Auf der Seite gibt es Lehrvideos, Leitfäden, Praxisbeispiele, Präsentationen und Informationen über Branchen. Mittelständler dürfen erzählen, wie sie dank digitaler Aufrüstung ihr Geschäft verbessert haben. Ein E-Learning-Portal betreibt der Konzern schon, es heißt Blueprint. Um das zu nutzen, bedarf es allerdings eines Accounts. Facebook glaubt zu wissen, wie sich so eine immobile Existenz anfühlt. Facebook sei schließlich selbst lange eine Desktop-Lösung gewesen, es brauchte einen Rechner, Bildschirm und Tastatur, so Arne Henne: "Wir kennen die Herausforderungen einer Umstellung auf mobile Geräte wie Tablet und Smartphone aus eigener Erfahrung." Fast 80 Prozent der Internet-Nutzer seien heute schon mobil. Die Transformation sei sehr komplex, sagt Dölz: "Wir wissen, dass man das nicht alleine schafft."

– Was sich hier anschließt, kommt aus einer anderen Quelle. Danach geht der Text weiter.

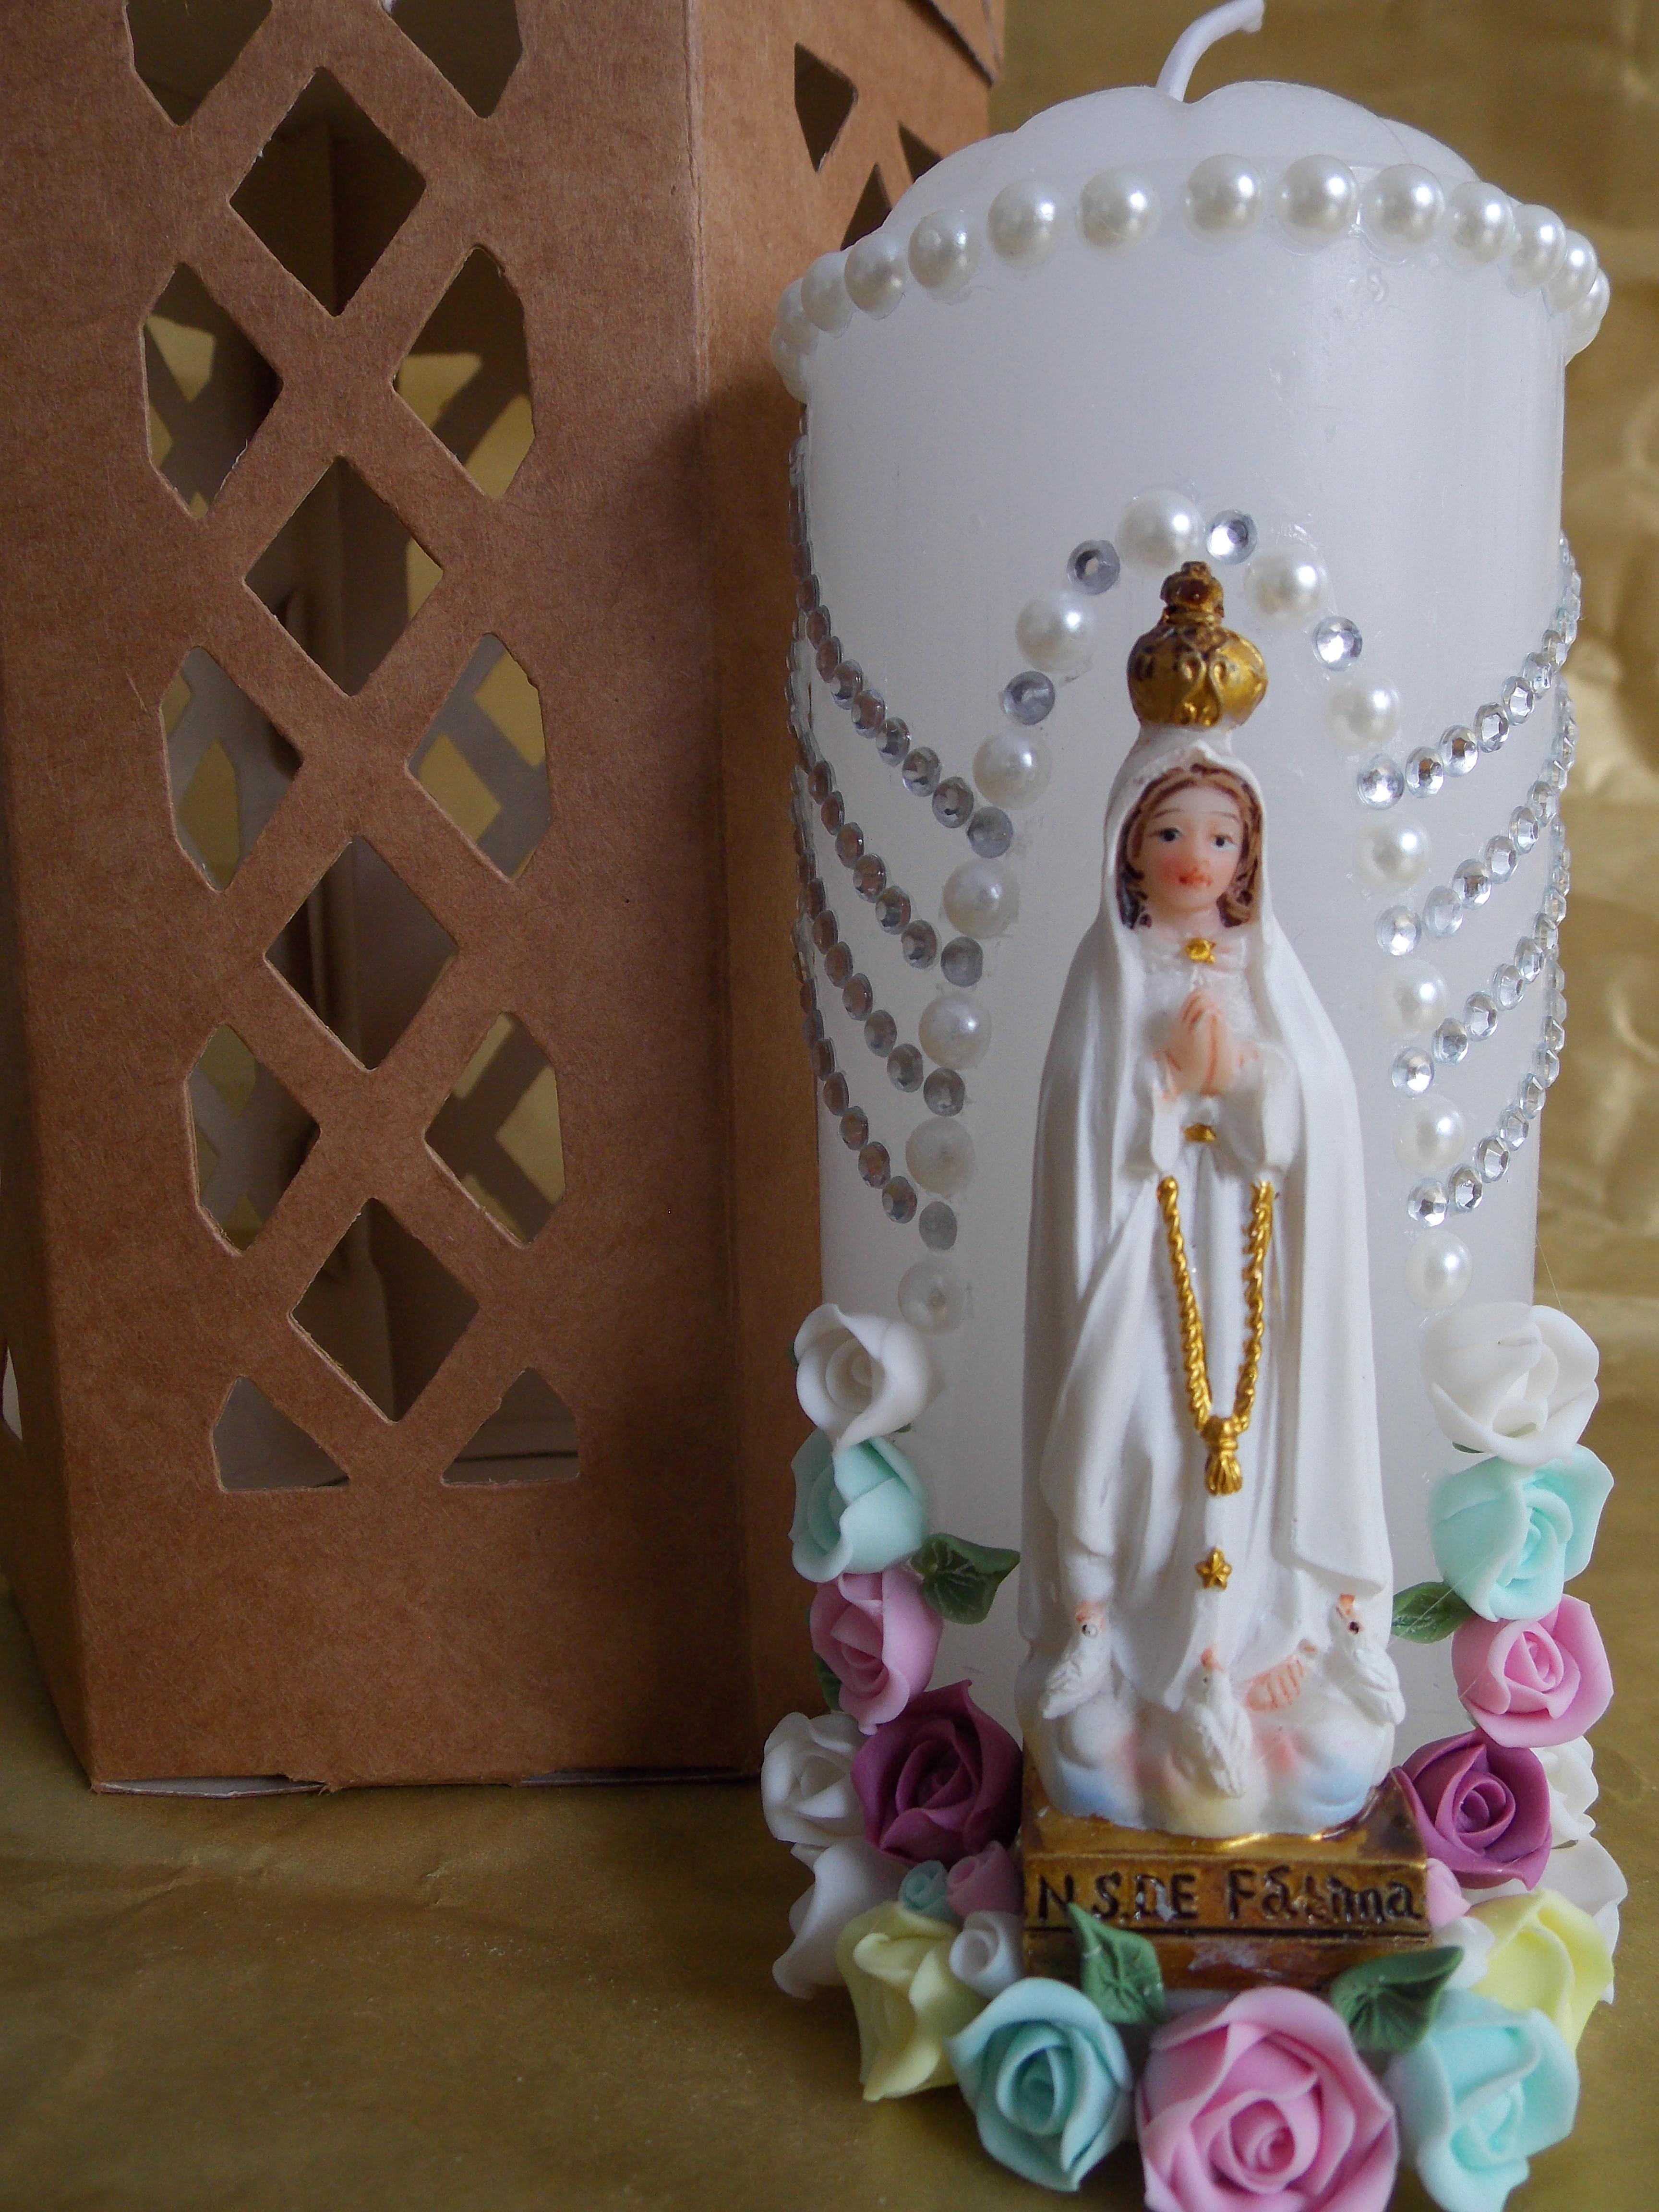 velas decoradas com imagens religiosas monica barros barbosa mota elo

Weltweit, sagt die Facebook-Managerin, sind schon 50 Millionen Unternehmen auf Facebook aktiv, allein gut eine Million in Deutschland. Konzerne wie BMW oder Fresenius sowieso, aber auch Mittelständler. Ein paar Musterbeispiele haben Dölz und Henne schon parat wie den Berliner Lieferdienst Foodora, den Düsseldorfer Küchenausstatter Gastro Hero. Oder die Berliner Firma Holzconnection: Das Unternehmen von Alf und Denys Nagel fertigt maßgeschneiderte Möbel. "Denen ging es mal gar nicht so gut", erzählt Henne: "Als sie anfingen, online Werbung zu schalten, erreichten sie ihre Kunden sehr viel besser als nur über die klassischen Medien."

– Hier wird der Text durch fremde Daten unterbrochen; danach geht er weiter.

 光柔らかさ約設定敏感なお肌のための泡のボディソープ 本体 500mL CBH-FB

"Wenn Unternehmen den digitalen Shift schaffen, nützt das auch uns."

Eine Handvoll Verbündete für seine Initiative hat Facebook schon gewonnen, darunter der Bundesverband Deutsche Startups, der High-Tech-Gründerfonds, der Bundesverband mittelständische Wirtschaft (BVMW), der Onlinehandelsverband Händlerbund, Digital Cologne - ein Portal der IHK Köln, und der Verein Digitale Stadt Düsseldorf. Die dürfen sich in einer Veranstaltungsserie in mehreren deutschen Städten präsentieren. Für die kostenlose Teilnahme müssen die Interessenten dann doch ein paar Daten rausrücken, sie erfordert eine Registrierung. "Es werden noch weitere Partner hinzukommen", kündigt Henne an.

Die Veranstaltungen finanzieren ihm zufolge Facebook und die Partner. "Unser Ziel ist nicht damit Geld zu verdienen, sondern den Mittelständlern die Ressourcen zu liefern, damit er in der mobilen Welt mit seinem Geschäft erfolgreich werden kann." Schon heute berate Facebook Mittelständler "kostenlos" bei ihrem Auftritt im sozialen Netzwerk. "Wenn Unternehmen, den digitalen Shift schaffen und damit die Möglichkeiten haben zu wachsen, aus einem lokalen ein nationales und vielleicht sogar ein globales Geschäft zu machen, dann nützt das doch allen: der Firma, der Wirtschaft und letztlich auch uns", sagt Dölz.